Work item:
The lines needed run from the one that contains "Opto 22 mount" through the end of the material below, both included; write them out exactly, with no pictures.

Given material:

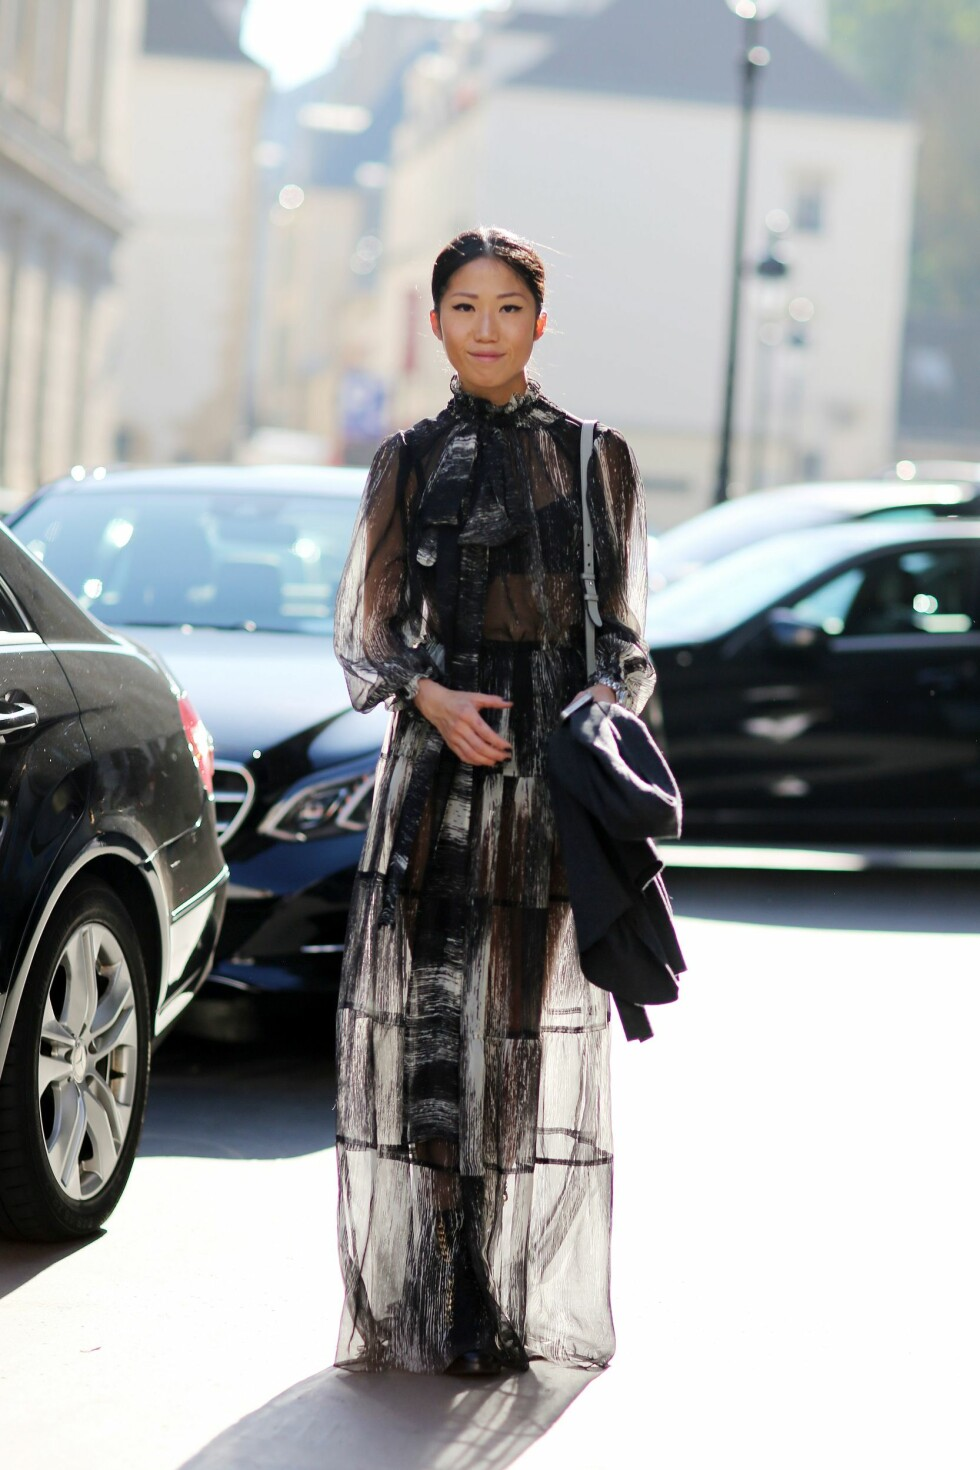 En mønstret, transparent kjole med synlig undertøy under.  Foto: All Over
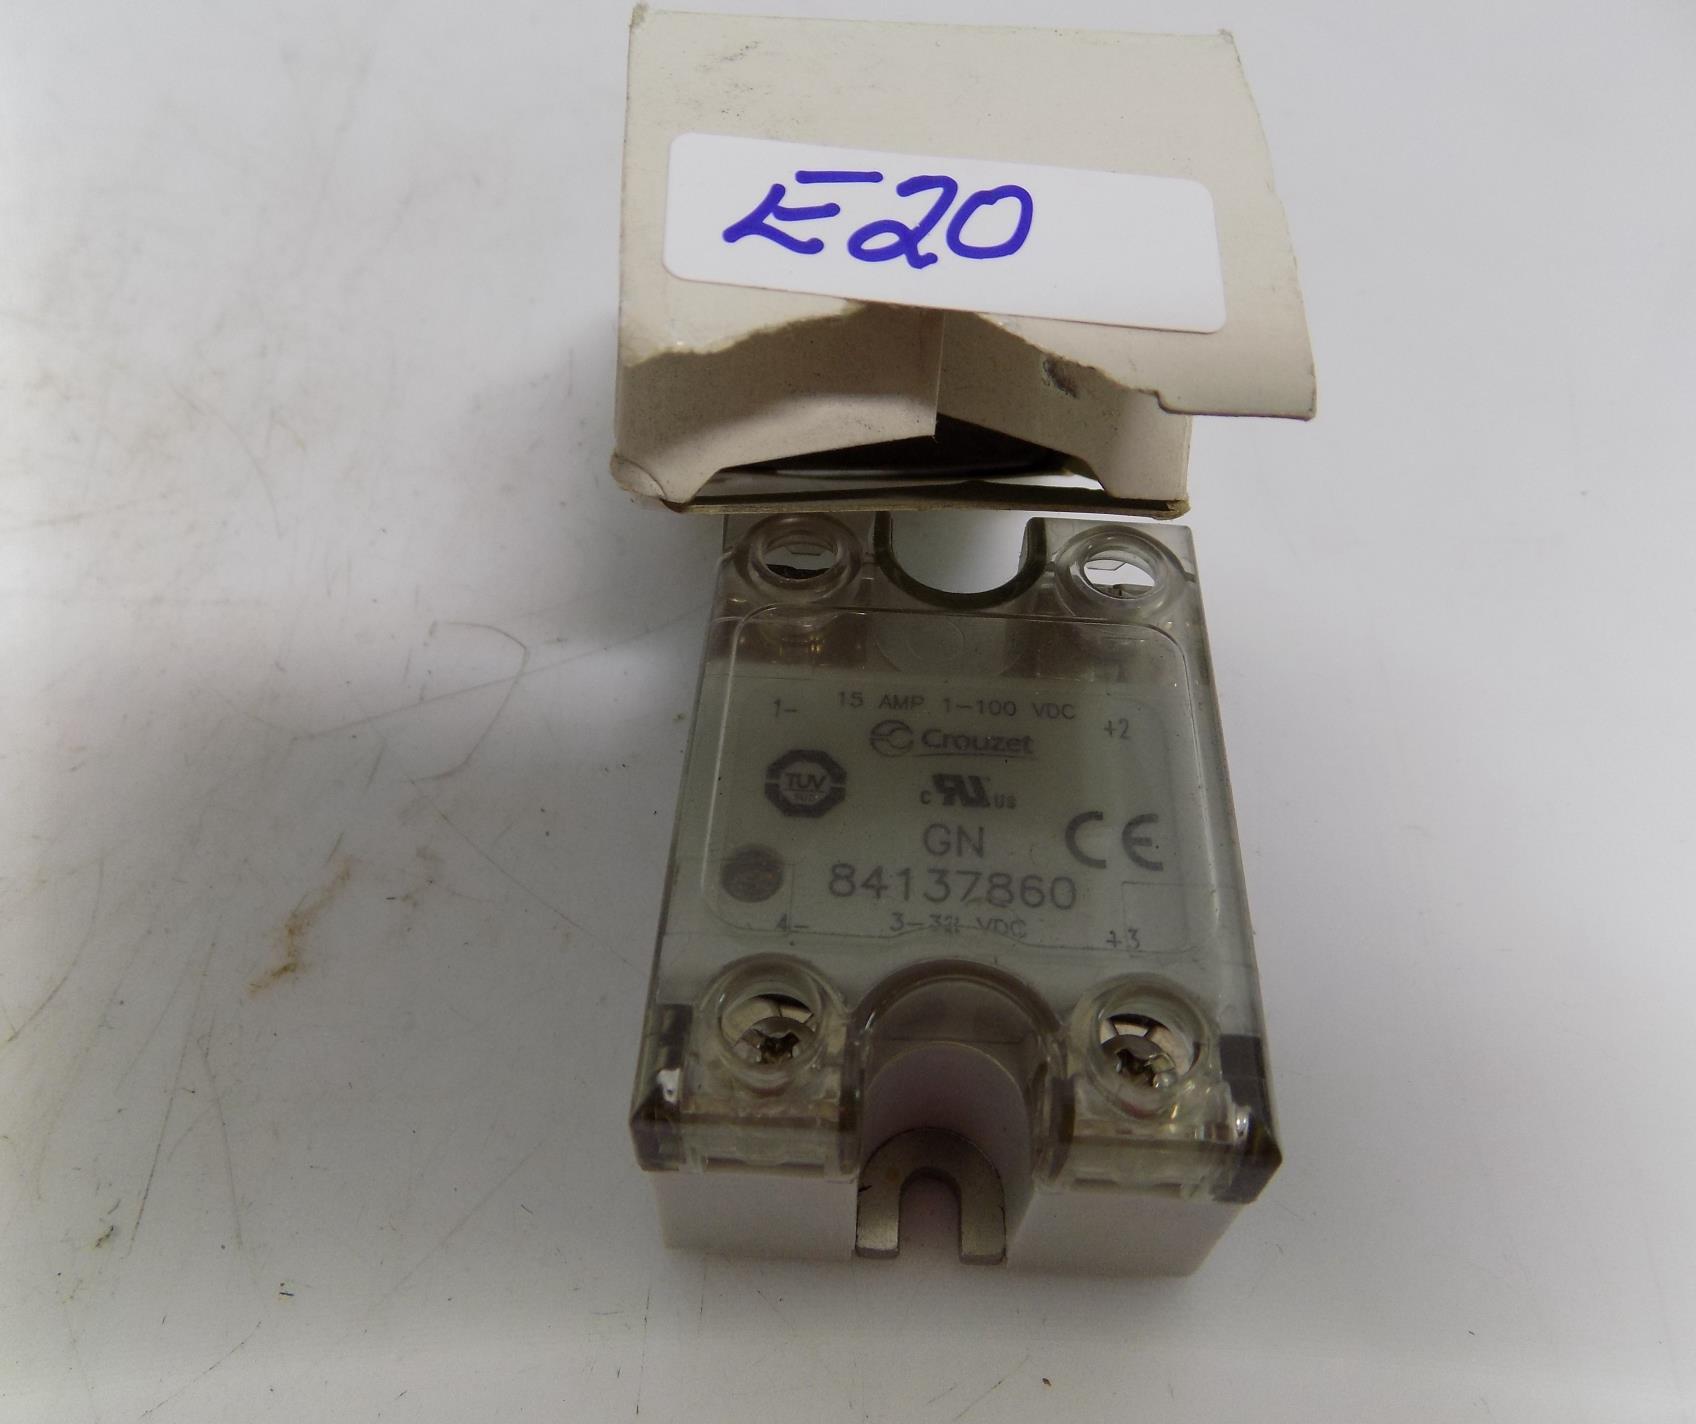 Opto 22 mount OAC24 18-32VDC input 3A 120V AC Output Relay Crouzet Gordo I//O
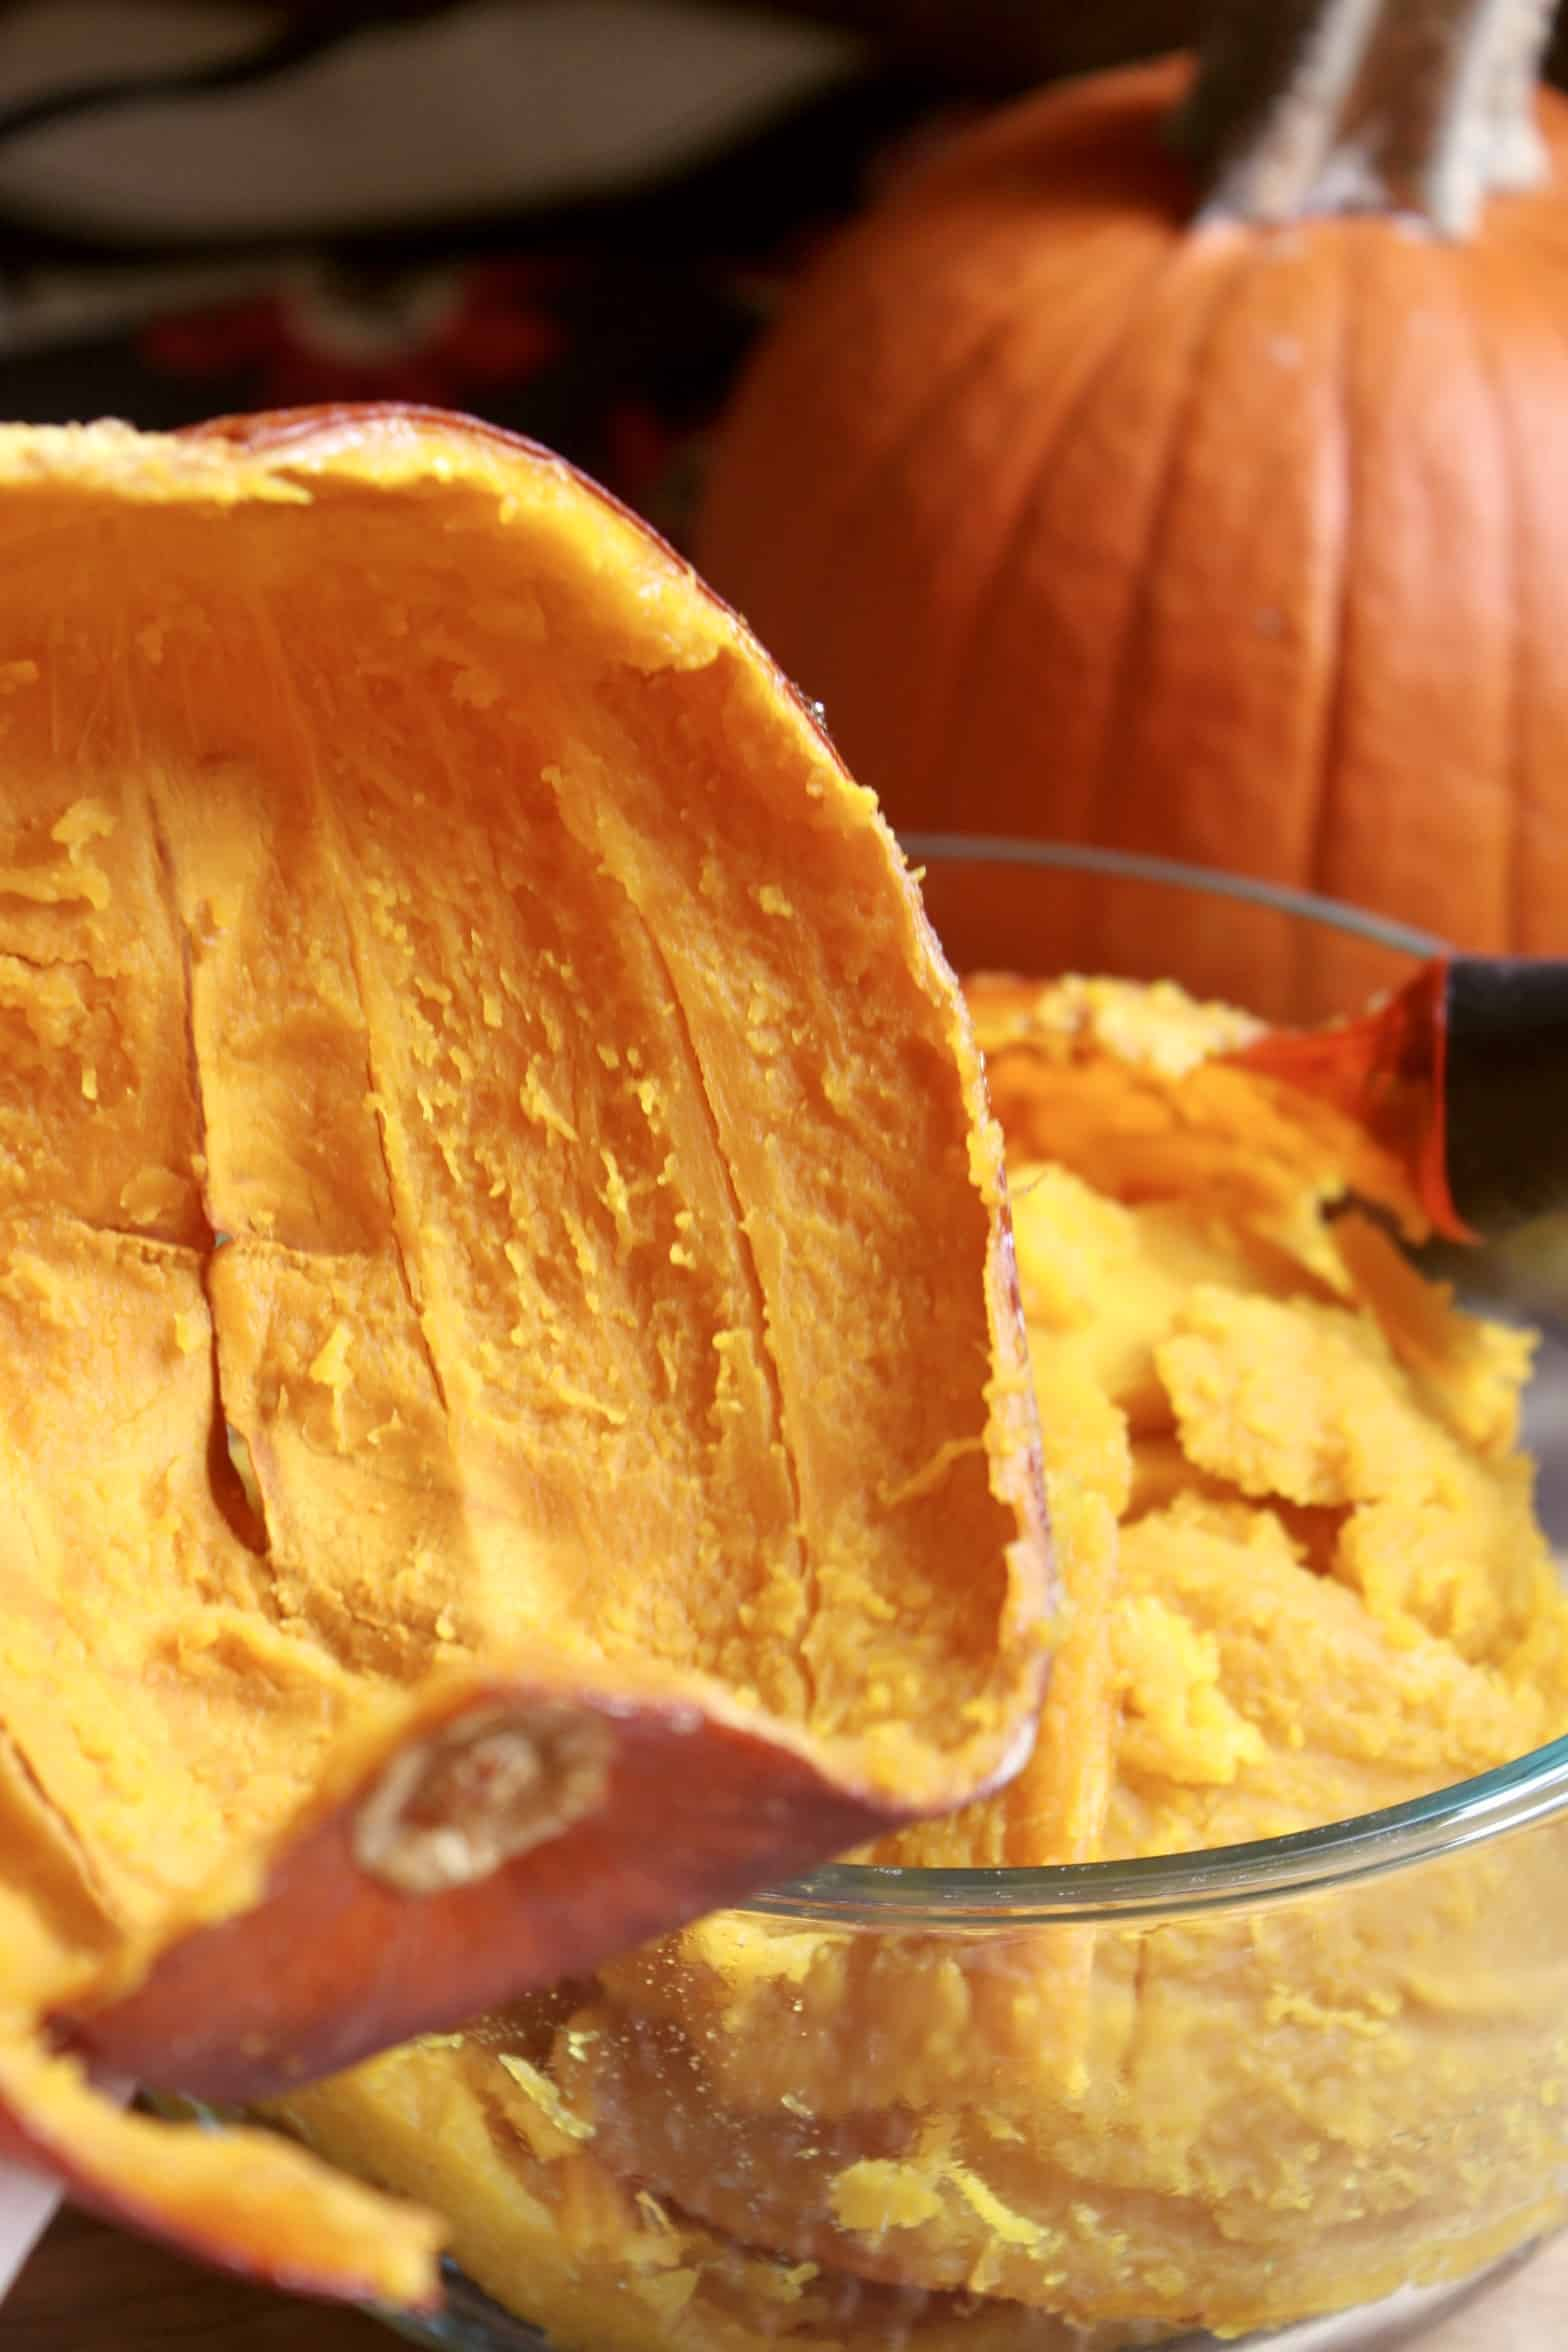 pumpkin shell with pumpkin in background

Response area:
 Opto 22 mount OAC24 18-32VDC input 3A 120V AC Output Relay Crouzet Gordo I//O
 pumpkin shell with pumpkin in background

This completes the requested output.